U.S. District Judge Kathleen Cardone in El Paso, Texas gave Jose Alanso Compean and Ignacio Ramos lengthy sentences beginning January 17, 2007 and The U.S. Border Patrol fired the agents after their conviction by a federal jury.
Compean and Ramos attempted to stop the illegal Mexican national, Osbaldo Adrete-Davila in his van near Faben, Texas. When Adrete-Davila resisted and fled, he was shot in the buttocks by the officers and escaped into a van waiting on the Mexico side of the Rio Grande River. Adrete-Davila was not in the courtroom yesterday saying he was “physically incapacitated” and is filing a claim with the Border Patrol for $5 million for negligence.
The man found illegally in the United States, smuggling nearly 750 pounds of marijuana now has immunity protecting him from being charged as a drug smuggler. This, after an investigator from the Office of the Inspector General (whose salary comes from taxpayer dollars) traveled to Mexico to retrieve the man – not for drug smuggling or illegal entry, but so that he could enjoy his civil rights.
And the jury that convicted the officers?

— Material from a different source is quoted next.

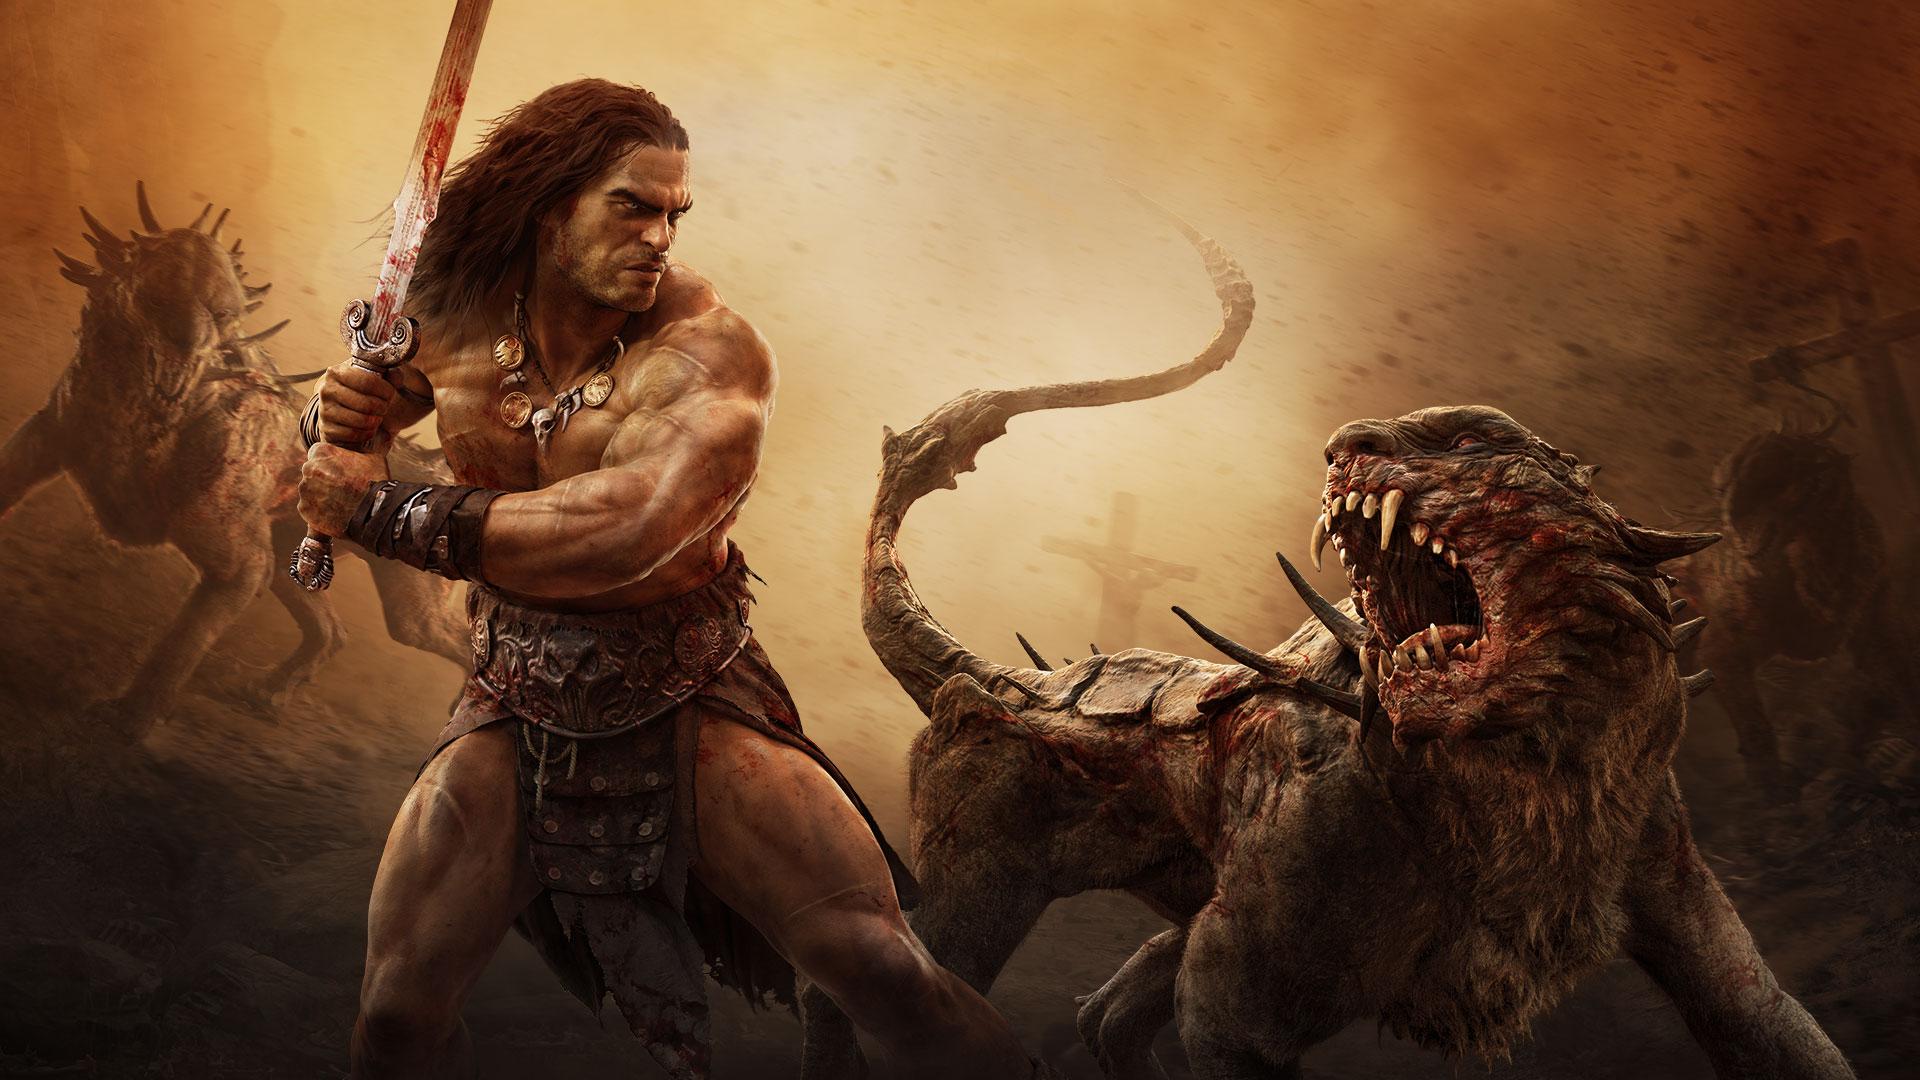 Neues MMO Conan Exiles: Alles zum Release auf PC, Xbox One, PS4

Three of them signed affidavits stating, “That they were told by the jury foreman that the judge would not accept a hung jury.” In what kind of justice system are officers of the law convicted for pursuing criminals by a jury that is not convinced they are guilty? Even ultra-liberal Democratic Senator Diane Feinstein doesn’t agree with the way the case was handled. Last week, she called for a Senate Judiciary Committee hearing on the case, alleging that the conviction was “a serious miscarriage of justice.”
Texas Representative Ted Poe also released a statement saying, “It seems to me the U.S. government is on the wrong side of the law – It is appalling to me that our own government would give immunity to an illegal drug smuggler in their effort to prosecute these two brave young men who were simply doing their job – protecting the dignity of our borders and our country.”
The U.S. Government in on the wrong side of the law – and Osbaldo Adrete-Davila was on the wrong side of the border. He should be charged for drug smuggling and deported — not brought back to the U.S., coddled and allowed to file a civil rights complaint.